### Recorded information
====
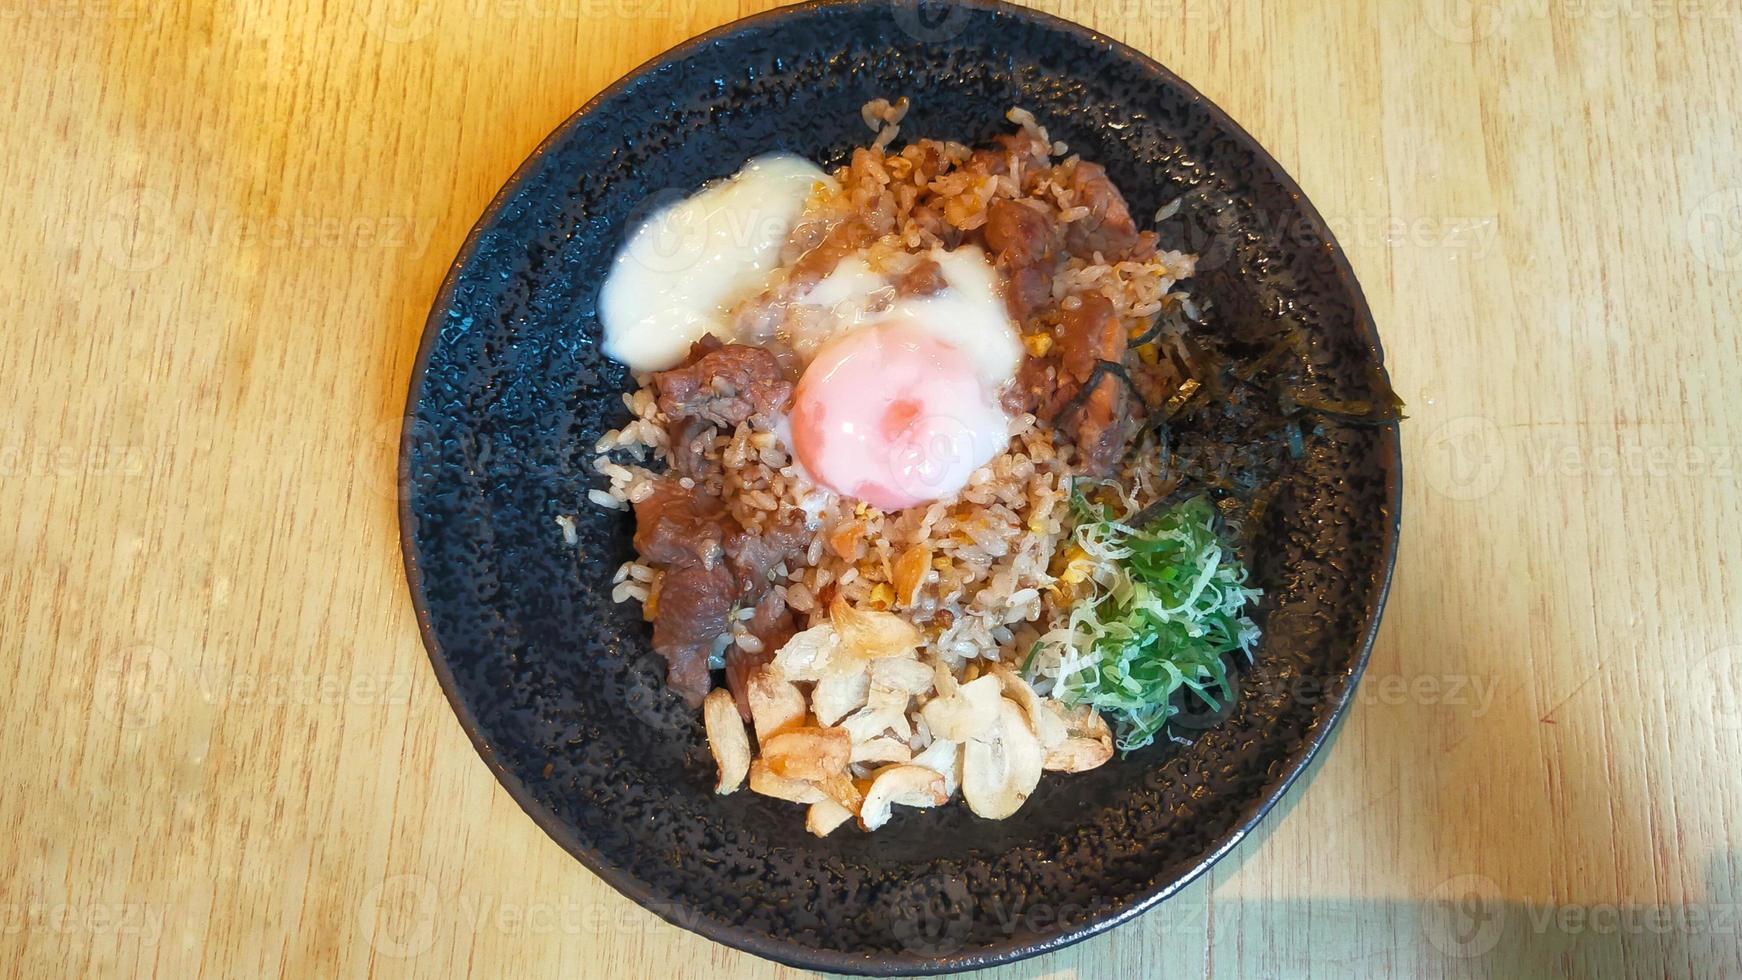 un menú de un restaurante de sushi arroz frito con ajo y ternera con huevo onsen es arroz frito con cebolla con ternera a medio cocer y huevo, muy sabroso. foto
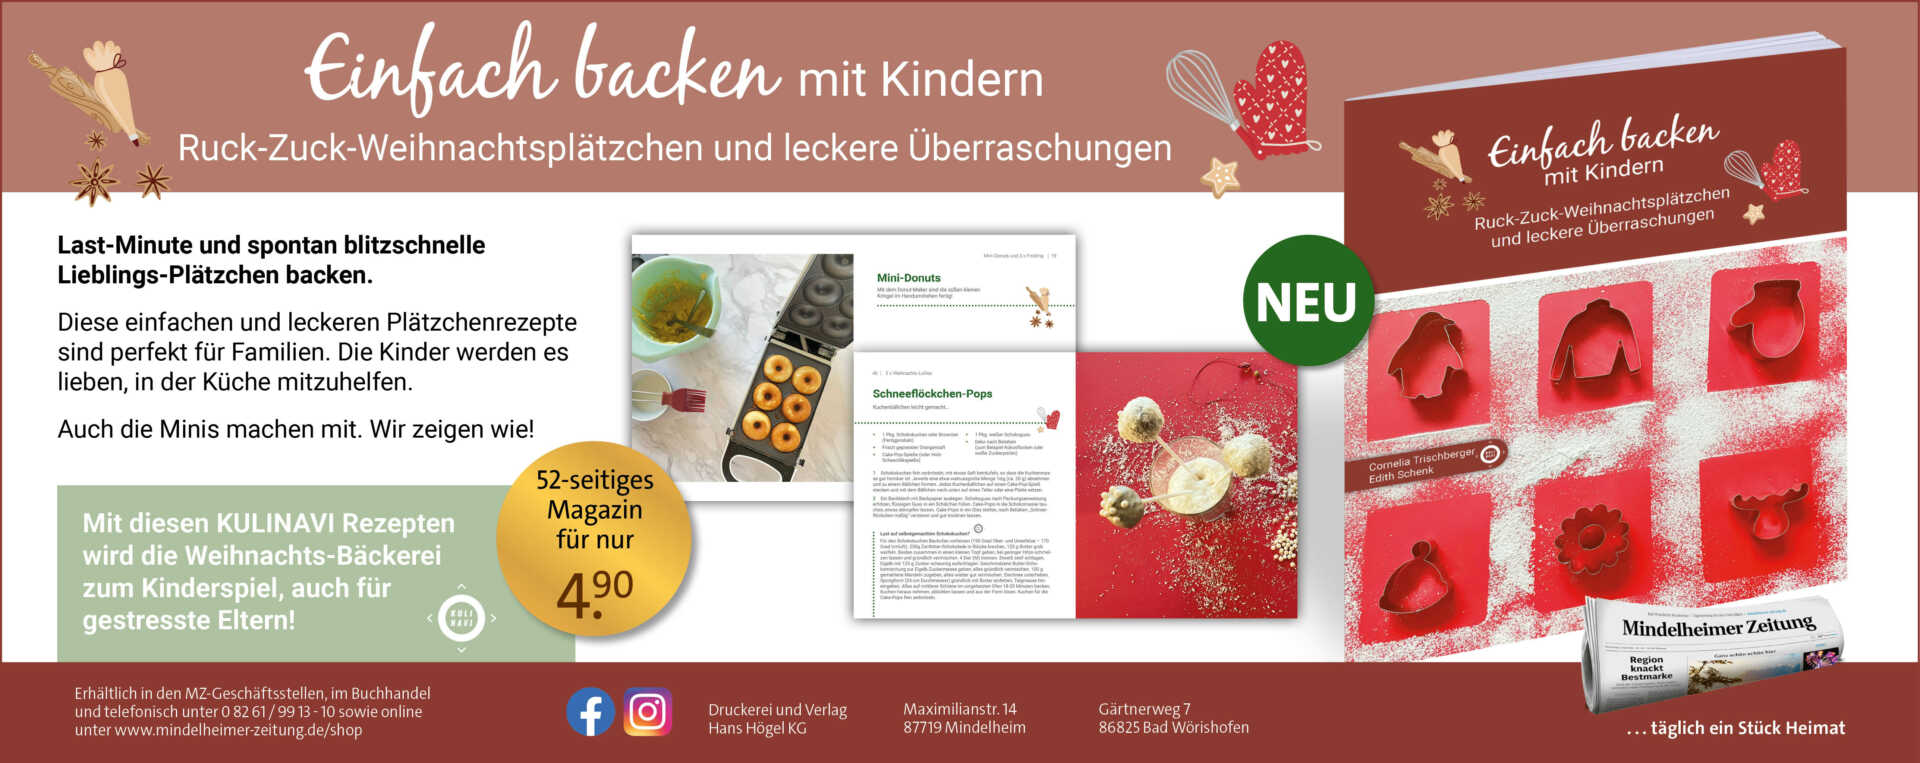 Anzeige - Backbuch -Einfach backen mit Kindern. Ruck-Zuck-Weihnachtsplätzchen und leckere Überraschungen
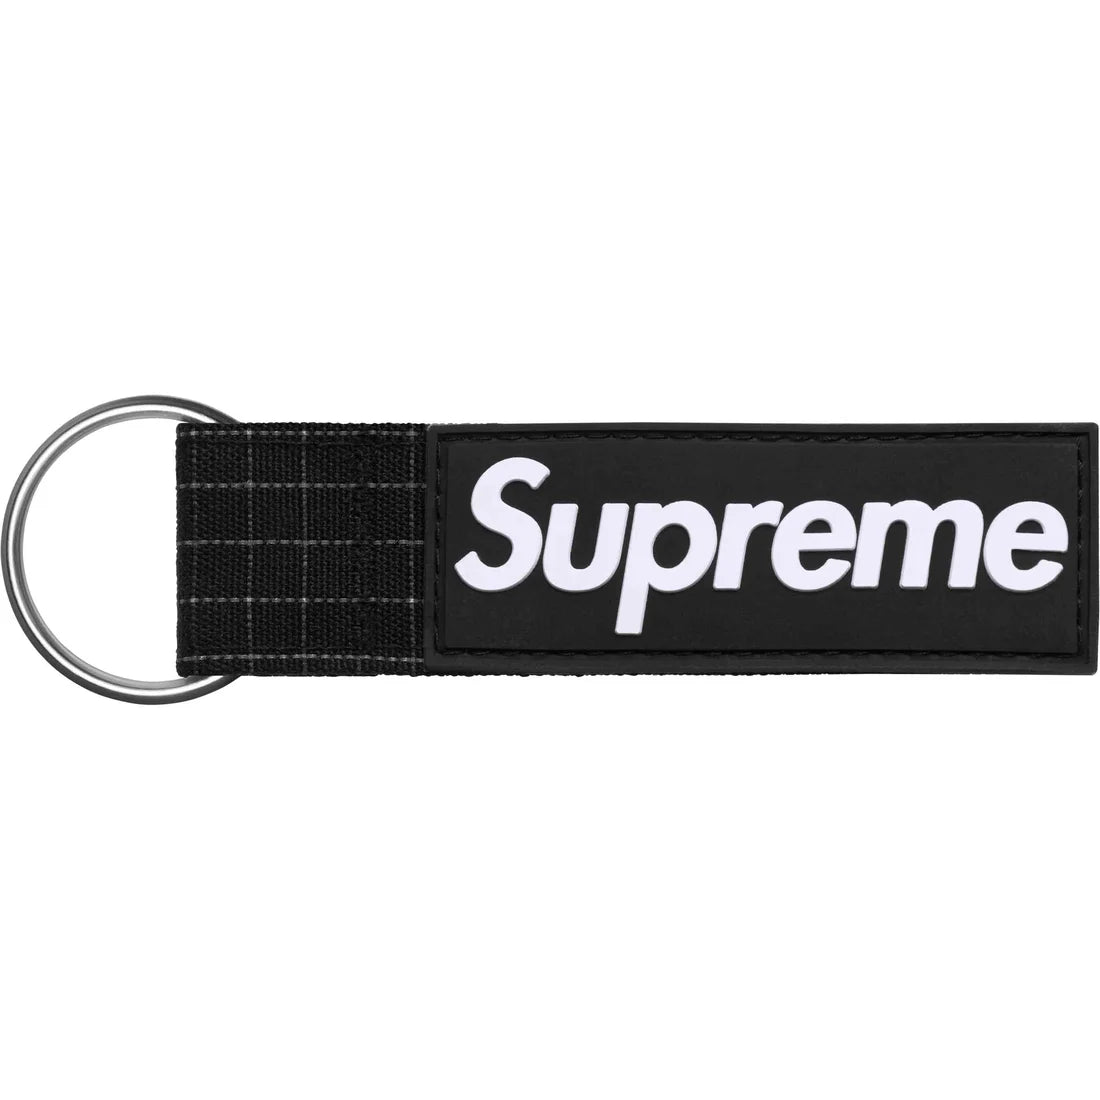 Supreme Ripstop Keychain Black
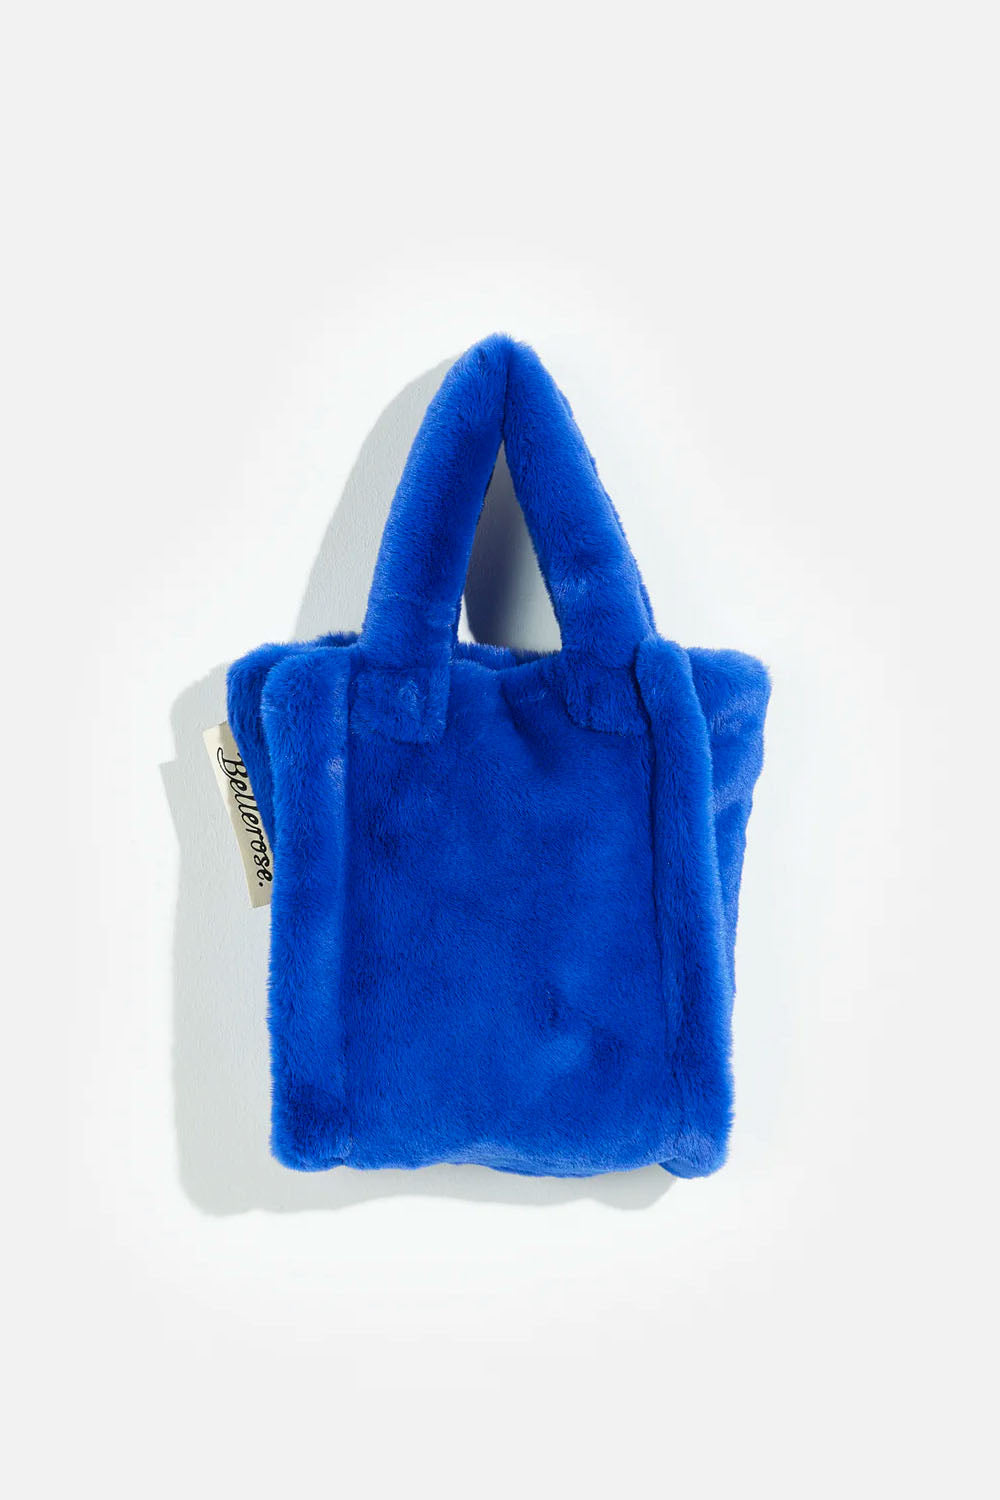 Bellerose - Edoux Bag: Lazuli
====
### What is expected
The whole listing must be transcribed exactly. No pictures belong in the copy.

### Answer section
 un menú de un restaurante de sushi arroz frito con ajo y ternera con huevo onsen es arroz frito con cebolla con ternera a medio cocer y huevo, muy sabroso. foto
 Anzeige - Backbuch -Einfach backen mit Kindern. Ruck-Zuck-Weihnachtsplätzchen und leckere Überraschungen
 Supreme Ripstop Keychain Black
 Bellerose - Edoux Bag: Lazuli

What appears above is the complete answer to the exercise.